Citigroup Inc. and Bank of America Corp. tumbled to 13-year intraday lows Thursday before erasing some of those declines as gloomy economic reports exacerbated general market fears and investors contemplated changes to the Treasury's bailout plan.

Separately, Citigroup's board issued a statement signaling support for its chairman, Sir Win Bischoff, after reports surfaced about tension among the bank's directors.

Citigroup shares were recently down 6.4%, or 59 cents, to $9.05, after closing in the single digits for the first time in 12 years on Wednesday. Bank of America dropped 2.2%, or 38 cents, to $16.62 after having fallen as much as 13% earlier Thursday, and losing 9% the day before.

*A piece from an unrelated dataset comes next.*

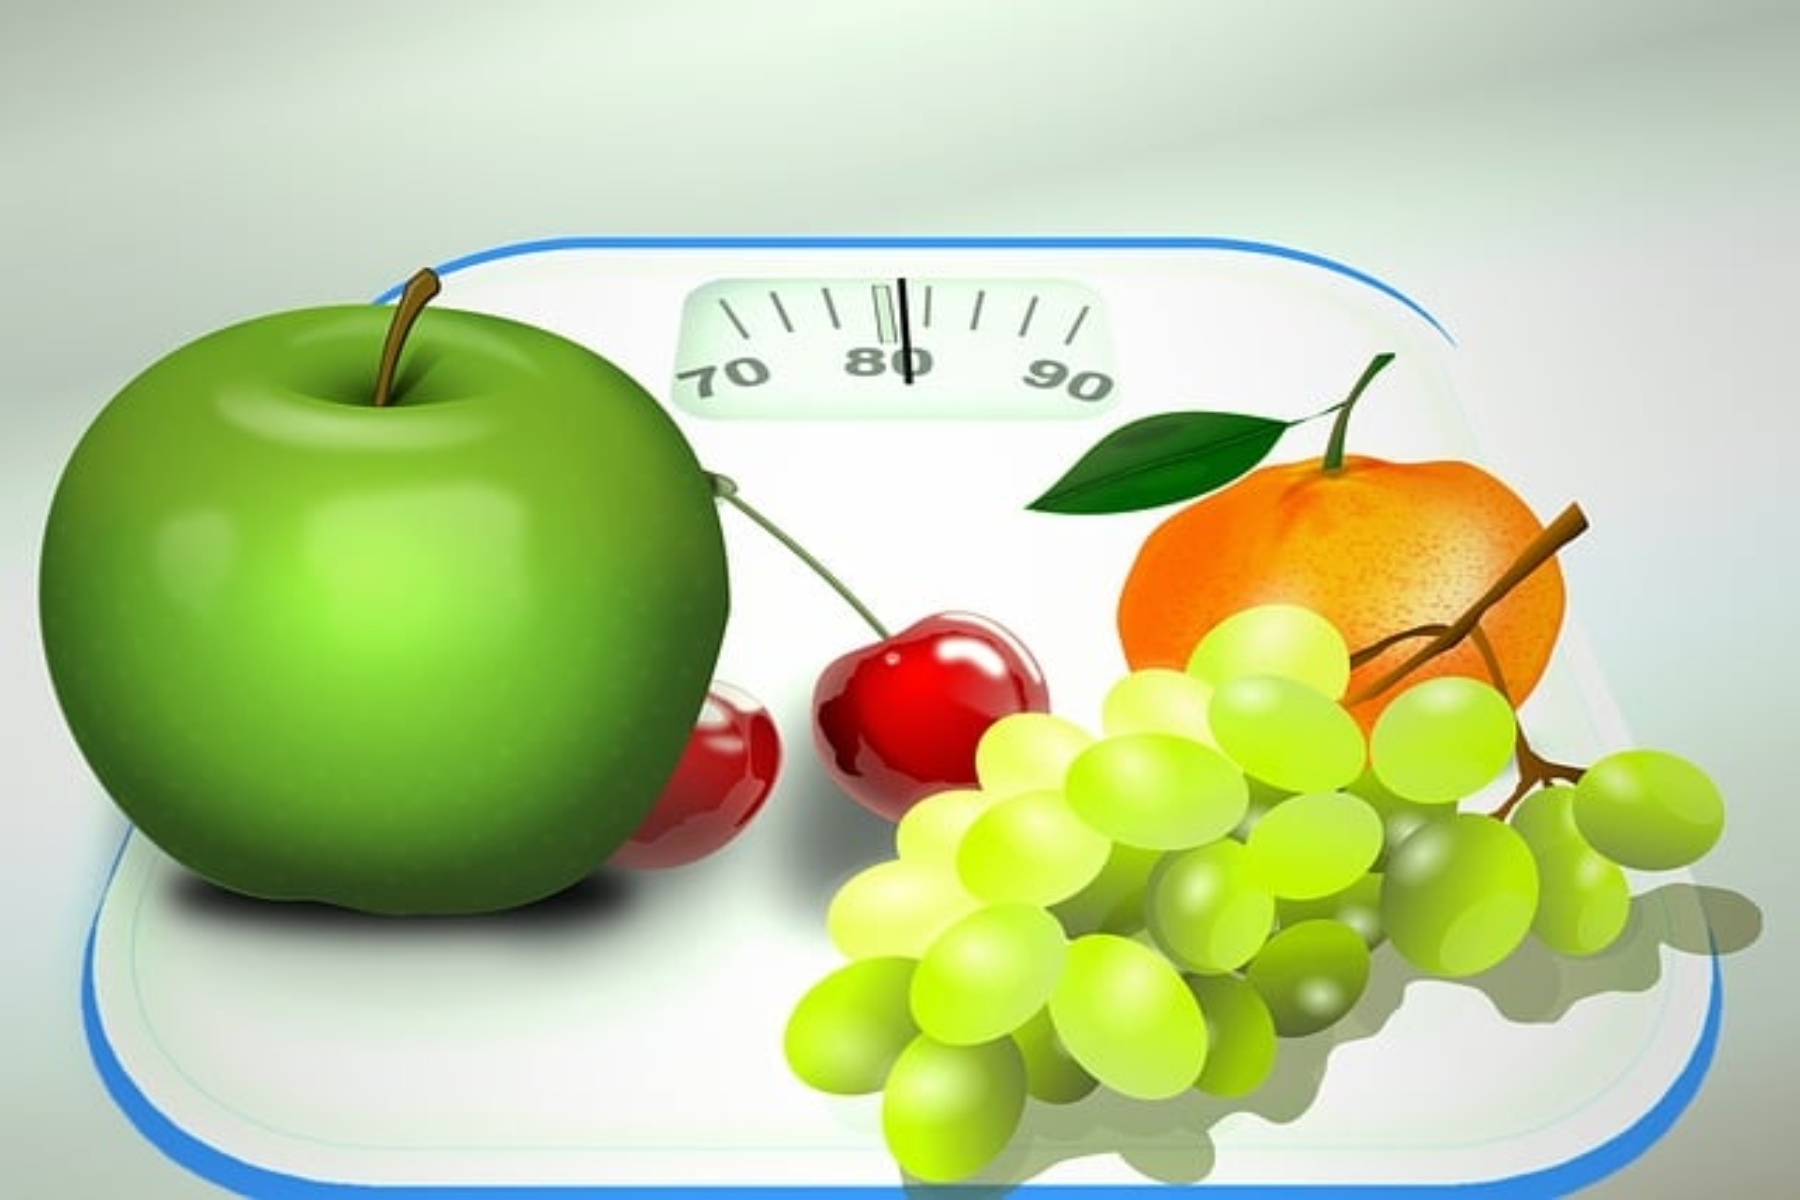 Πώς καθορίζεται το υγιές σωματικό βάρος;
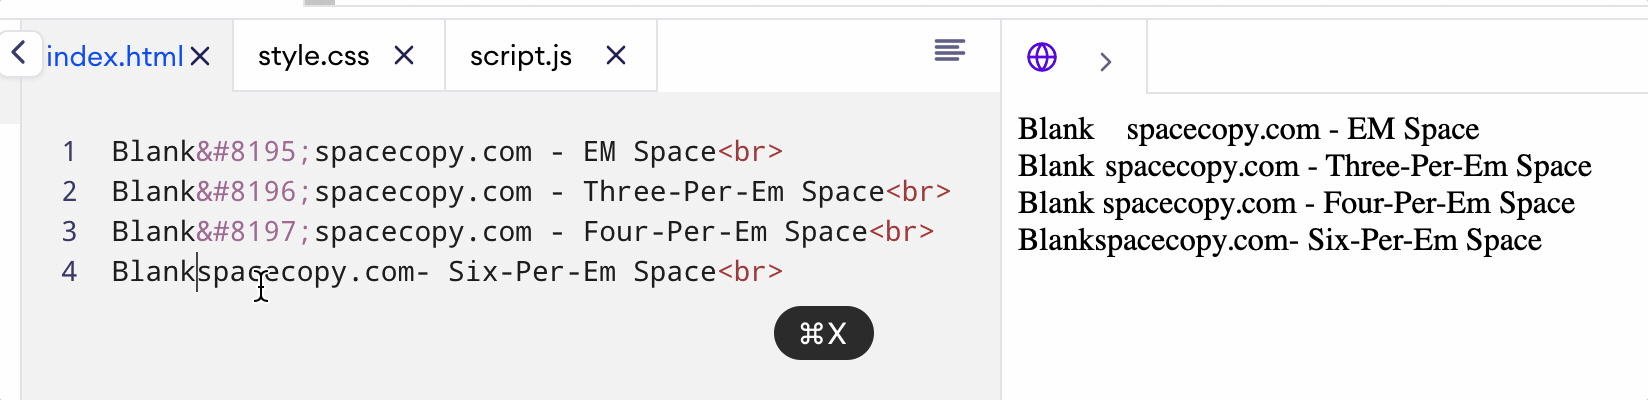 Six-Per-Em Space

U.S. Treasury Secretary Henry Paulson on Wednesday signaled the department is gearing up to enter the second phase of its $700 billion bailout plan and that it's likely to scrap the original proposal to buy up troubled assets from the balance sheets of banks. Investors had been hoping that the Treasury's purchase of troubled assets would free large banks from their dead weight.

Citigroup spokeswoman Shannon Bell said Paulson's announcement wouldn't change their plans.

"The details of the TARP investment program were not fully finalized; as such we had no specific plans to utilize the program for asset purchases, and therefore the changes yesterday do not affect Citi," she said.

Bank of America couldn't be reached immediately for comment.

Meanwhile, Citigroup on Thursday signaled its continuing support for Bischoff in response to a Wall Street Journal report citing people familiar with the matter that indicated some board members were weighing Bischoff's removal.

"The Board of Directors of Citigroup Inc. today reiterated its full support for the company's chairman, Sir Win Bischoff, and said it looks forward to his continued leadership," Citi said in a statement. "This morning's Wall Street Journal report to the contrary is completely erroneous."

The overall economy took another hit Thursday when weekly claims for state unemployment benefits rose much more than expected.

Initial claims for jobless benefits jumped 32,000 to a seasonally adjusted 516,000 in the week ended Nov. 8, the Labor Department said Thursday. That is the highest since Sept. 29, 2001. Economists surveyed by Dow Jones Newswires had expected claims to rise only 4,000.

Rising unemployment numbers could pressure loan delinquencies higher and broader recessionary figures could push more commercial loans into default.